(EXERCISE):
In your copy, each line below is repeated exactly and no image appears.

(GIVEN MATERIAL):
%%
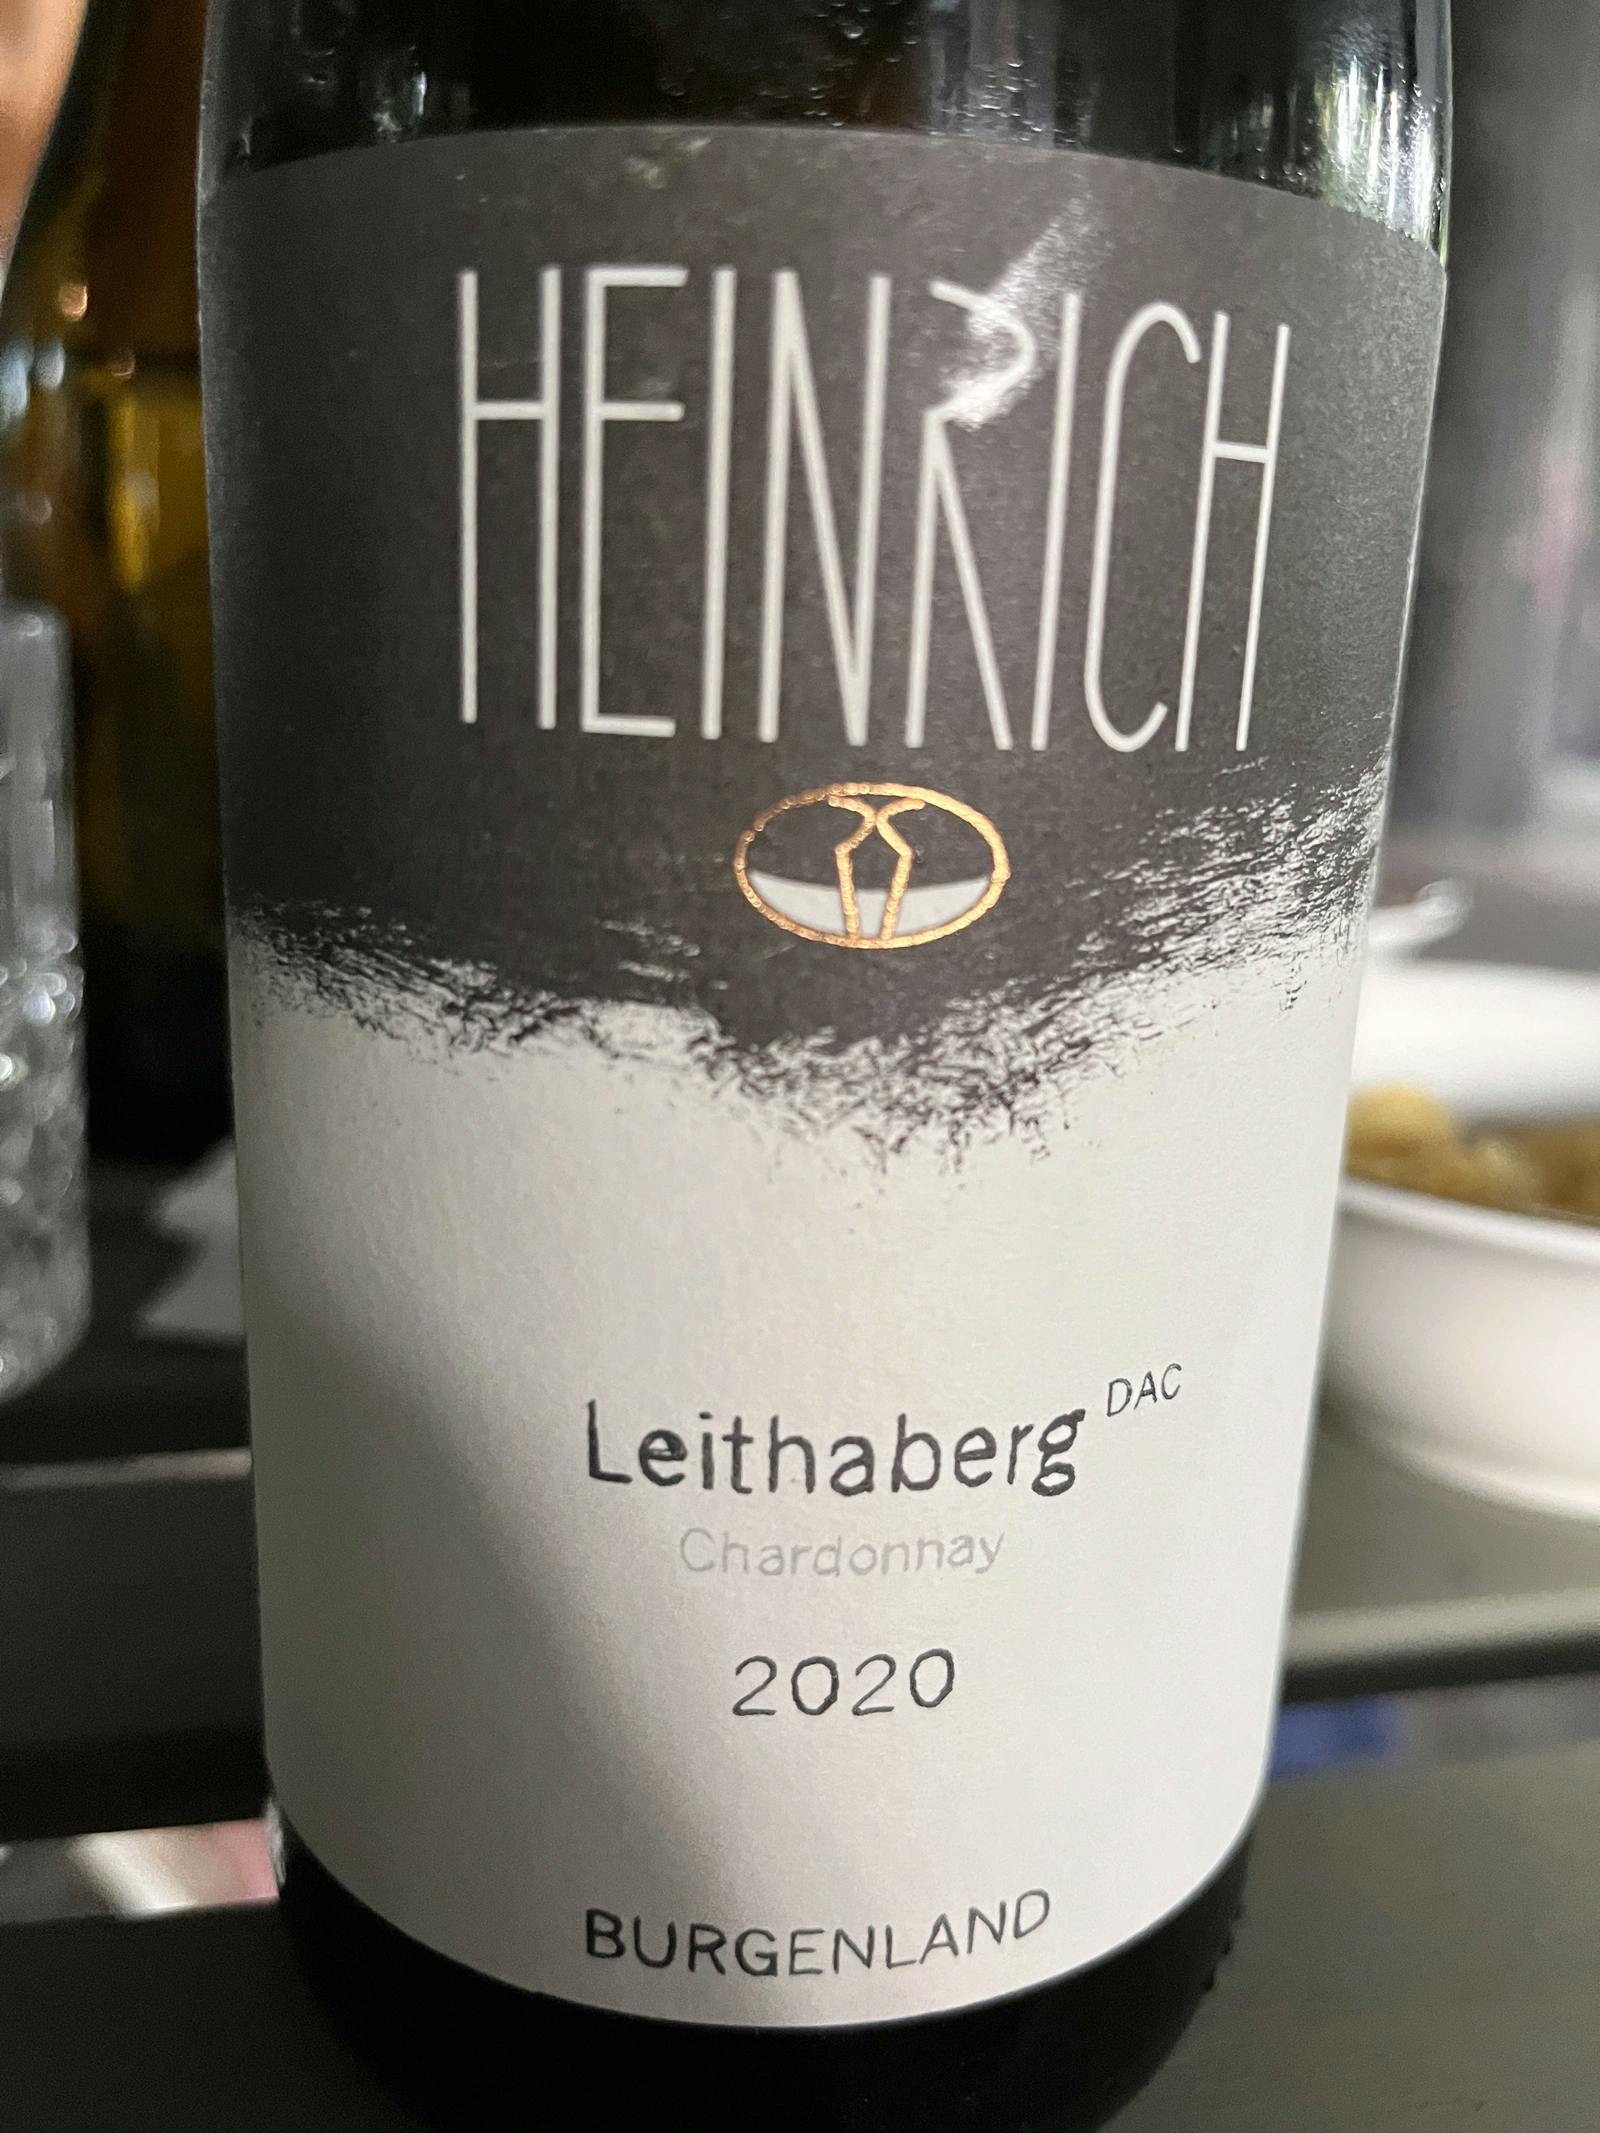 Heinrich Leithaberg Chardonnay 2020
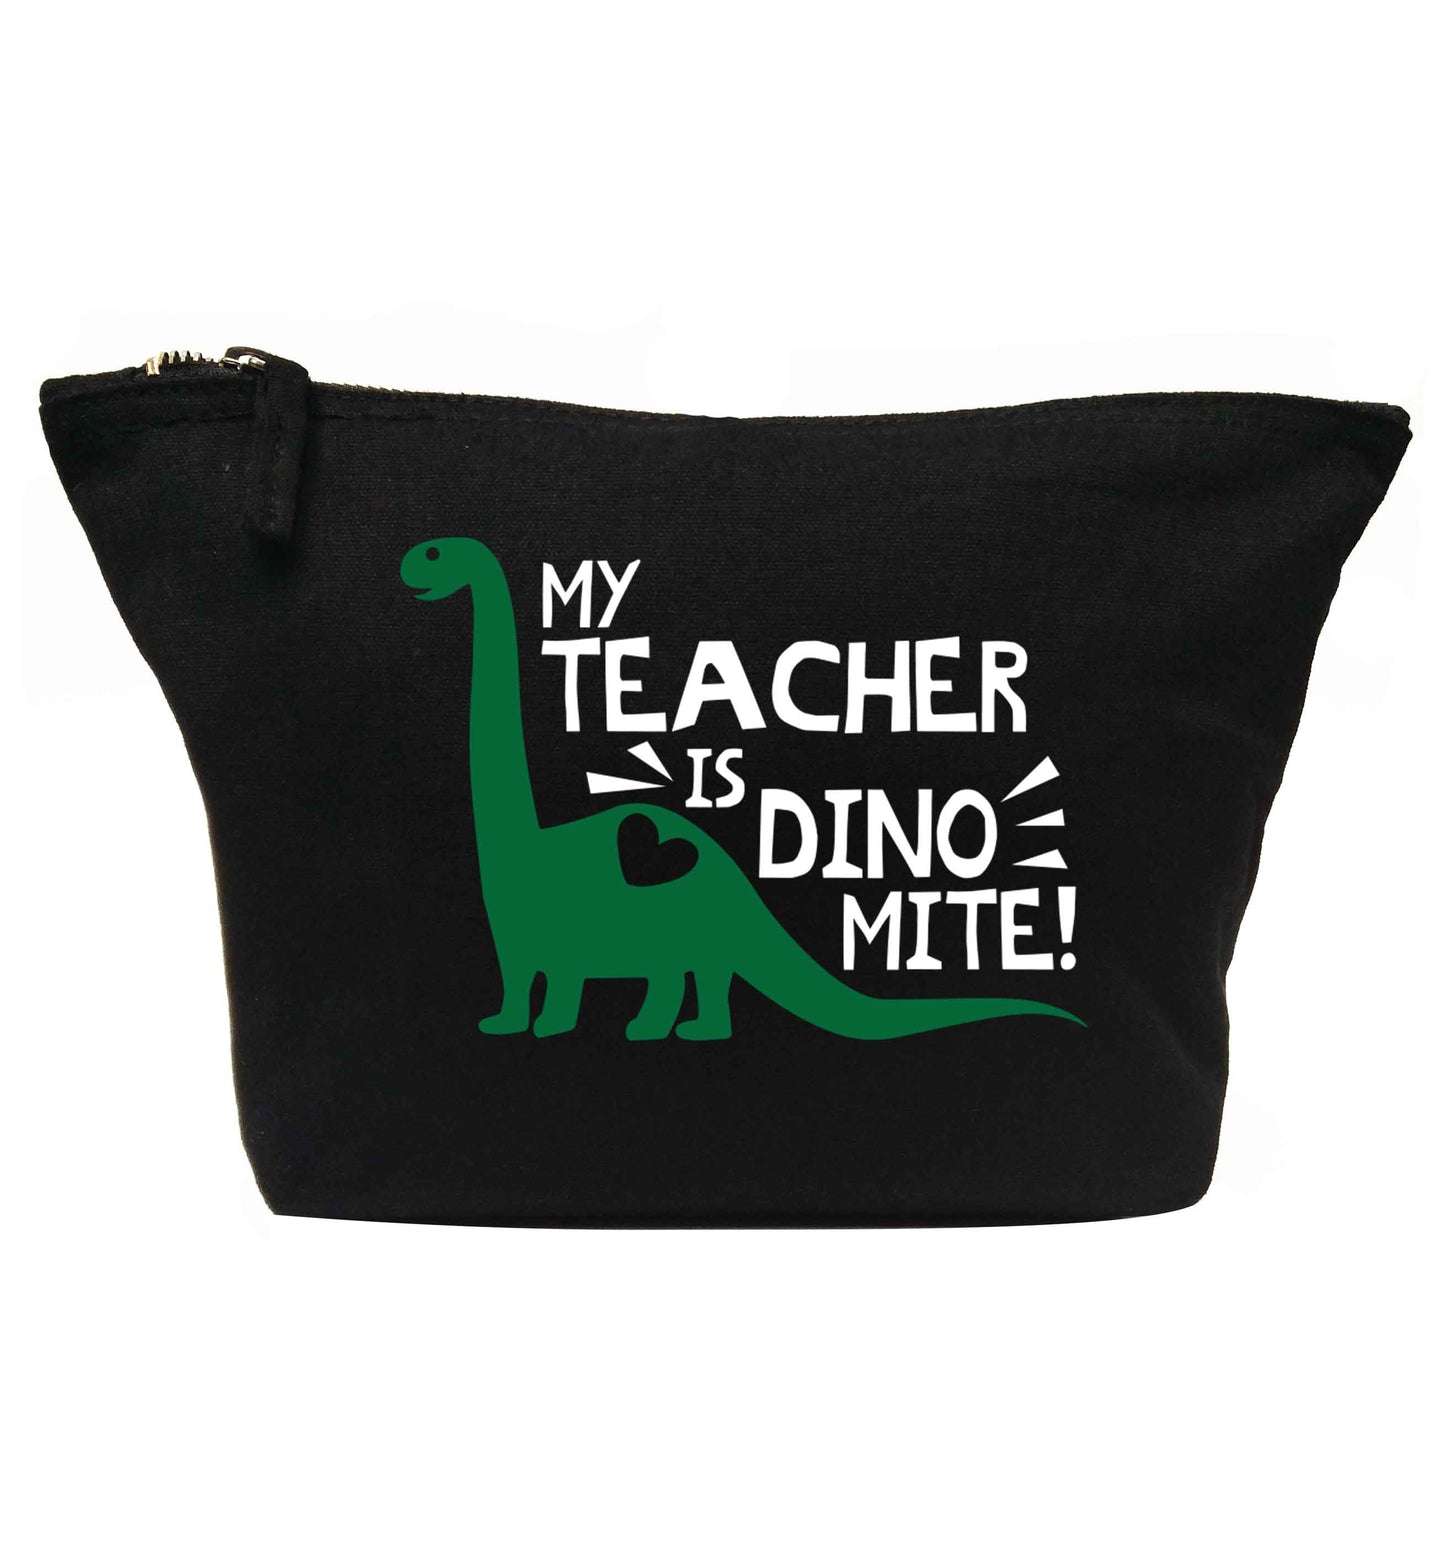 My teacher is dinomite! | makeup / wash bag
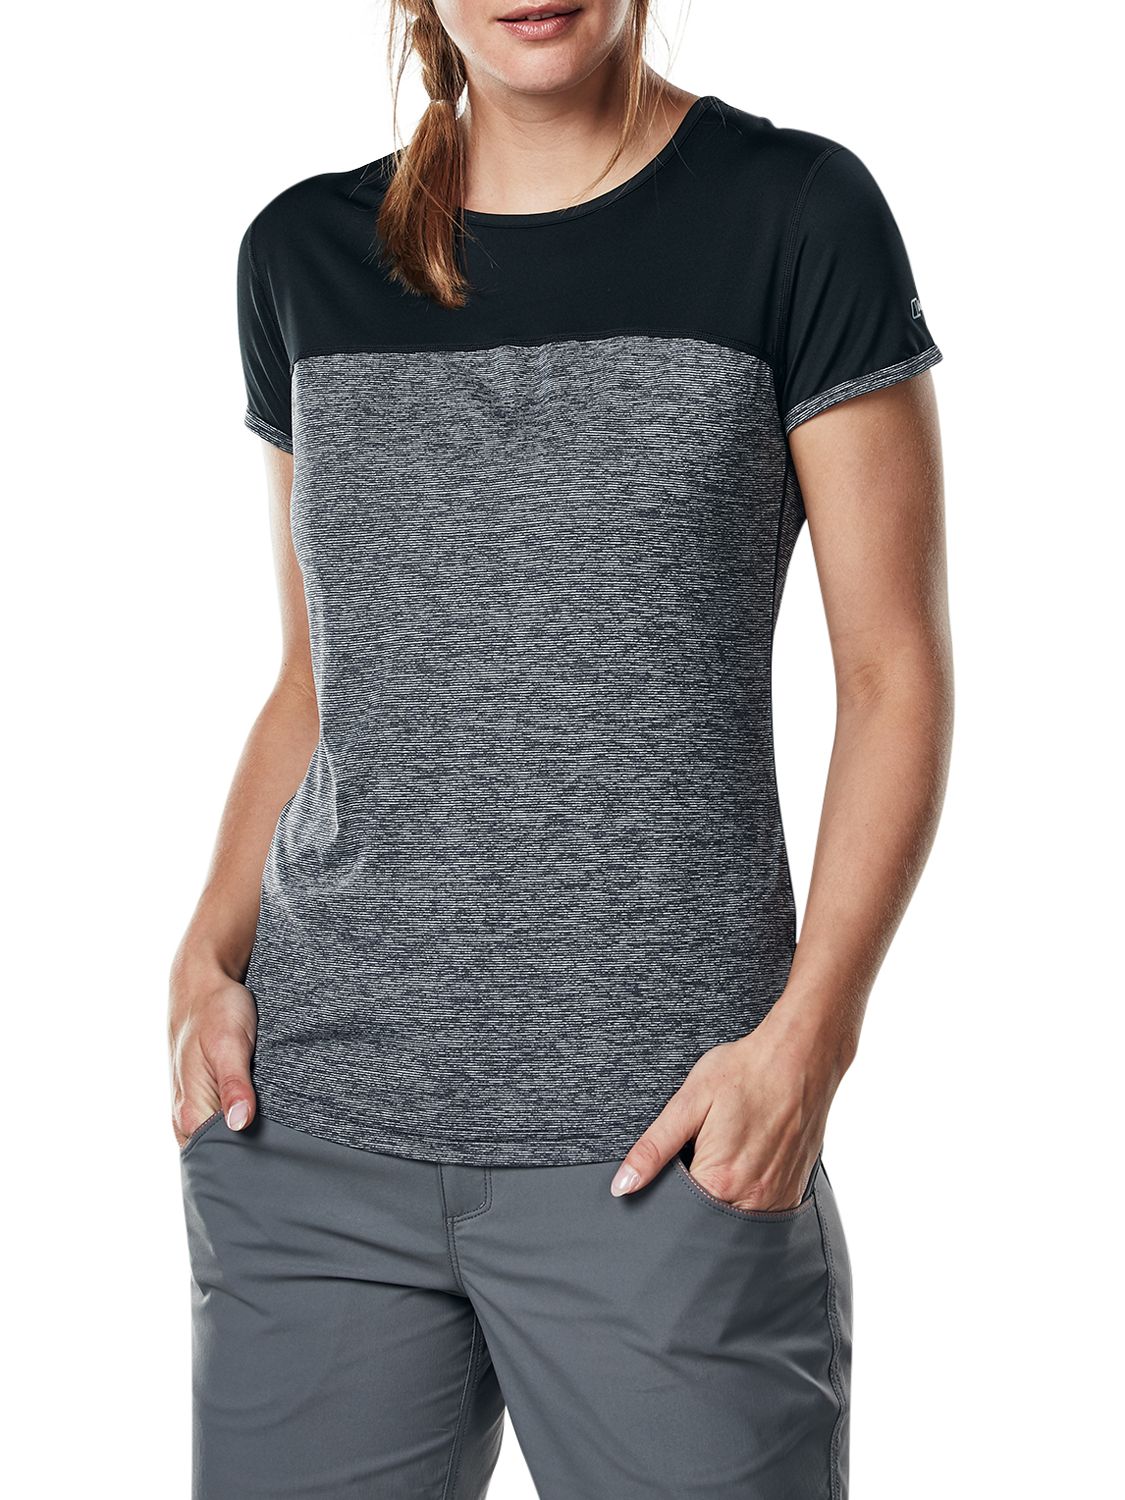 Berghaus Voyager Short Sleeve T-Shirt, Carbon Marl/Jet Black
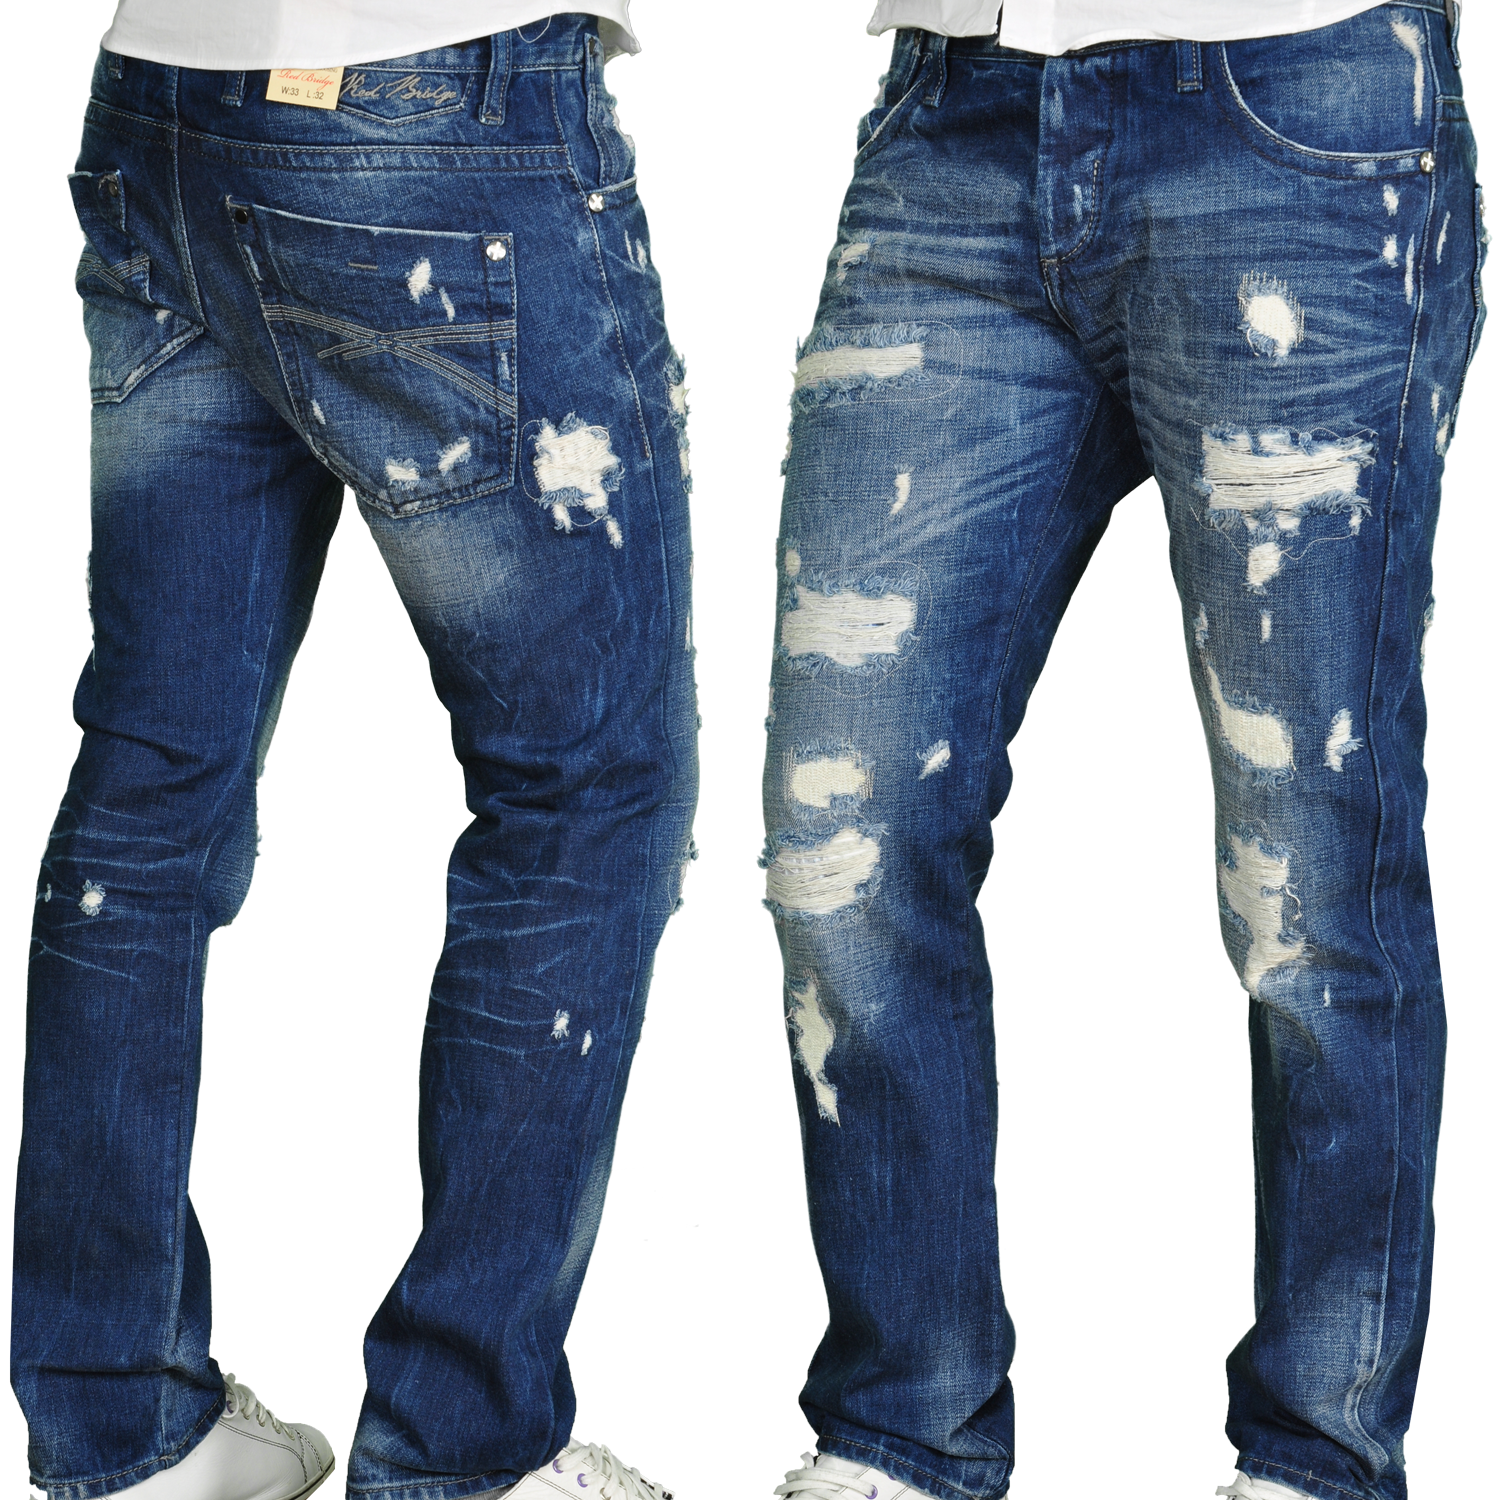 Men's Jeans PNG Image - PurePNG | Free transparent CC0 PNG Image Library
%%
(SOLUTION TO THIS TASK):
 Heinrich Leithaberg Chardonnay 2020
 My teacher is dinomite! | makeup / wash bag
 Berghaus Voyager Short Sleeve T-Shirt, Carbon Marl/Jet Black
 Men's Jeans PNG Image - PurePNG | Free transparent CC0 PNG Image Library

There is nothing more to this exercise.